I posted under the Ruger Forum my efforts at sighting in my latest, and wondered how many of ya'll bracket your sight adjustments.

In the Army, I was taught to bracket adjustments in calling in artillery fire and this was carried over into sighting in the M1 rifle.

I fire a ten shot group, then use my forefinger and middle finger as sort of a pair of dividers, spacing what I believe to be nearly 3/4", as the Ruger, and most sights, adjust 3/4" per click at twenty-five yards.

If my measuring "dividers" take two steps, or two clicks, I double that and add four clicks.

Last Saturday, my first group was about one-inch to the right, so I figured two clicks left windage was required, so took four clicks left. Nest group was about one inch left, so I came back two to the right and this put me right on.

Bob Wright


----------



## TOF (Sep 7, 2006)

I am a cheapskate Bob. I only fire 5 rounds per cycle, sometimes only 3. You may have explained why one of my shooting buddies and I always come up with a different number of clicks. I am a retired Engineer and am used to dealing with math. If I know what a click equals I simply calculate what it will take to put it on dead center and dial in that amount. My buddy always bounces back and forth a bit.

:smt1099


----------



## JeffWard (Aug 24, 2007)

I'm a former ingineer... lol... I'm retired from math

I shoot a few, click a few, shoot a few, click a few... shoot a few...

THERE!


----------



## TOF (Sep 7, 2006)

Bob,
Having pondered this subject for a few minutes I have to ask if you know why standard artillery practice would be to inject a double correction if you know where the target is, where the last round hit and the math necessary to get there. This question is especialy applicable to azimuth corrections. Elevation might remain somewhat questionable if consistant velocities are not the norm.
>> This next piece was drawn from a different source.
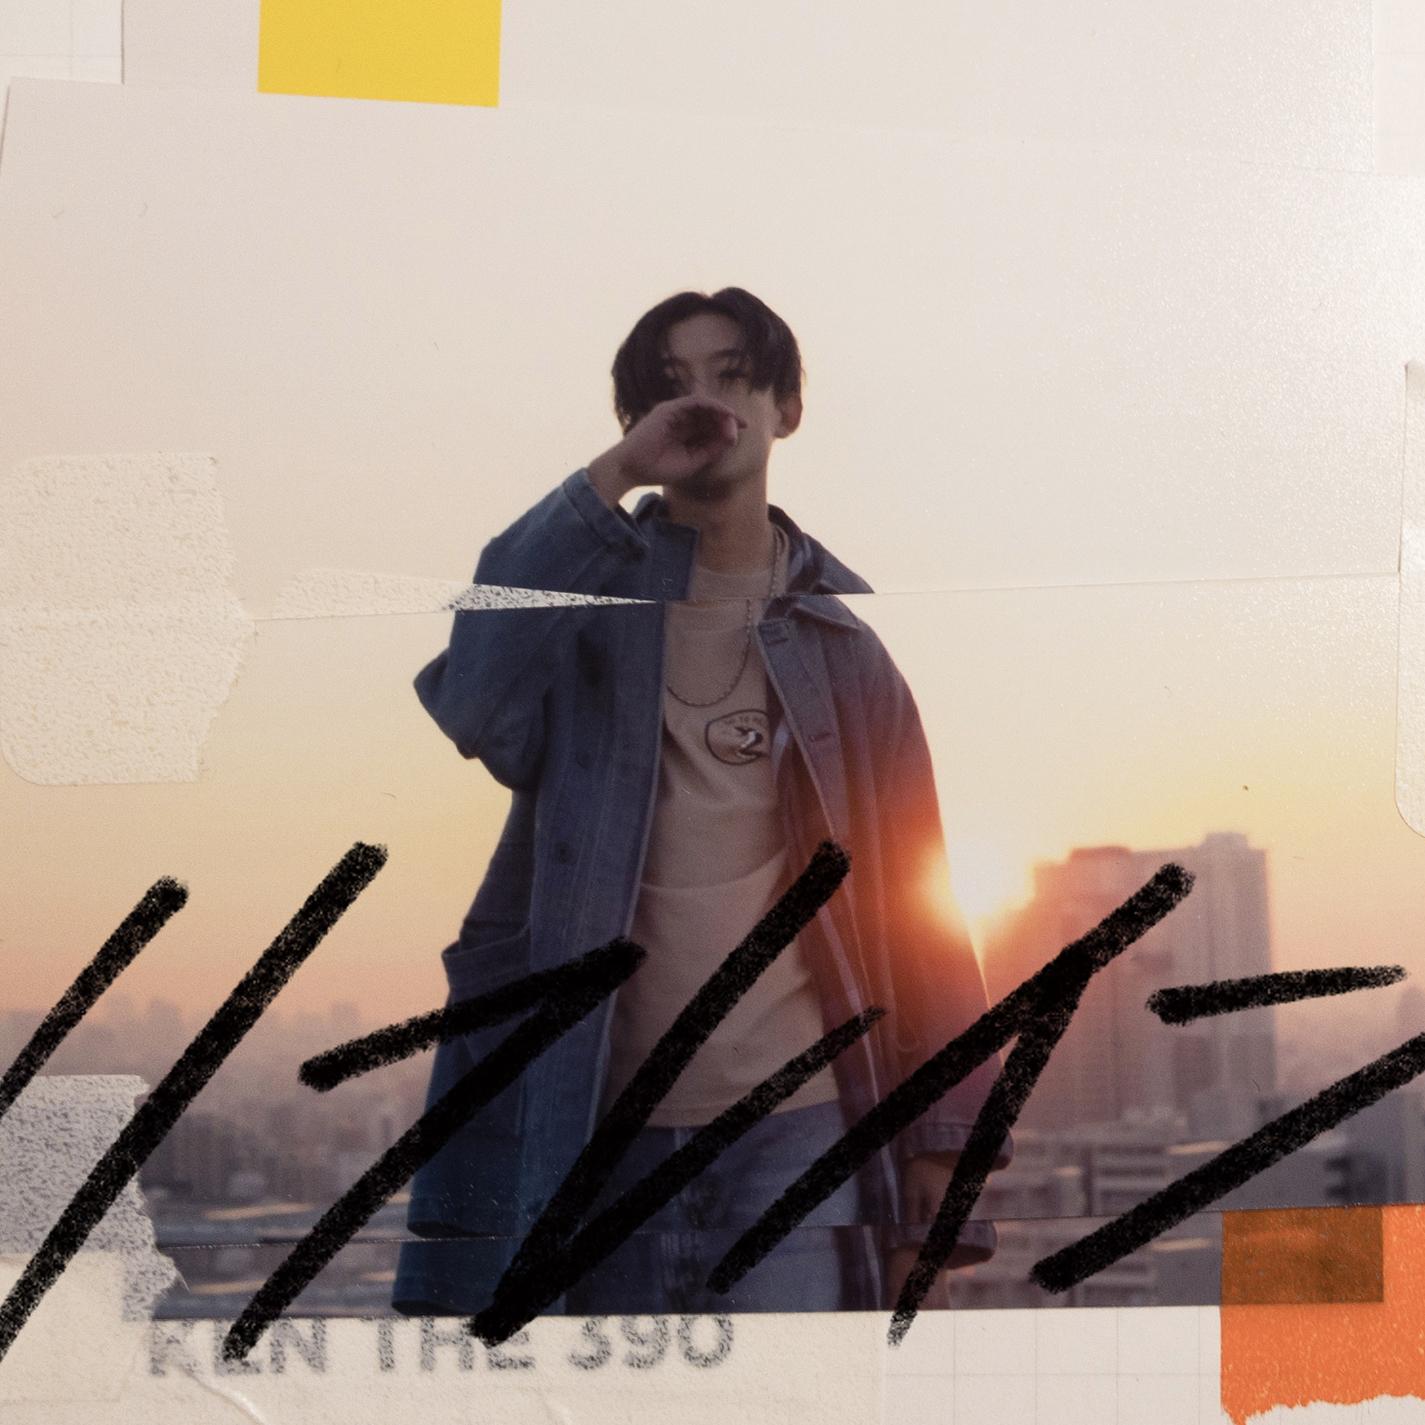 KEN THE 390 約2年半ぶりのオリジナルアルバムリリース決定!表題曲のMVを公開サムネイル画像

If you want to blast a machine gun nest or fixed gun etc. it seems that the fewer shots taken the better you have done your job and perhaps saved your own butt if they are shooting back at your position.

Hey Jeff, isn't that the way The Air Force has always done it. Drop a few take a picture drop a few more go get a burger etc. :mrgreen:

:smt1099


----------



## myxd45 (Jan 18, 2008)

JeffWard said:


> I'm a former ingineer... lol... I'm retired from math
> 
> I shoot a few, click a few, shoot a few, click a few... shoot a few...
> 
> THERE!


++1


----------



## Bob Wright (May 10, 2006)

The reason for "bracketing" as explained to me, is that the lateral adjustment is imprecise. (This from 1950s era.) Our corrections were made using the grid scale in binoculars. The point was, our estimated correction was just a good guess, using an estimated range and X-number mils left or right.

Bob Wright


----------



## TOF (Sep 7, 2006)

My only live fire experience with the Huge Boomers was while stationed on board a radar picket. We had an empty barrel and the skipper decided to test our manualy loaded and aimed 5" guns with the barrel as a target. It was rigged with a pole and flag (Not US Flag) the bottom was weighted so the flag would stay up and set adrift. We moved off till it was barely visible on the horizon then the gun crew was given the order to fire. The first and only shot vaporized it so lacking a target the event was over much to the dismay of the Aft Gun crew. They didn't get to shoot. As a result I never learned much about Bracketing from the Navy. This was in the late 50's.

:smt1099


----------



## PanaDP (Jul 20, 2007)

Bob Wright said:


> The reason for "bracketing" as explained to me, is that the lateral adjustment is imprecise. (This from 1950s era.) Our corrections were made using the grid scale in binoculars. The point was, our estimated correction was just a good guess, using an estimated range and X-number mils left or right.
> 
> Bob Wright


I still don't get it. That methodology seems to be based on the estimated correction always being an underestimation.

Being "imprecise" could also mean that the estimated correction is just as likely an _over_estimation as under-, though.


----------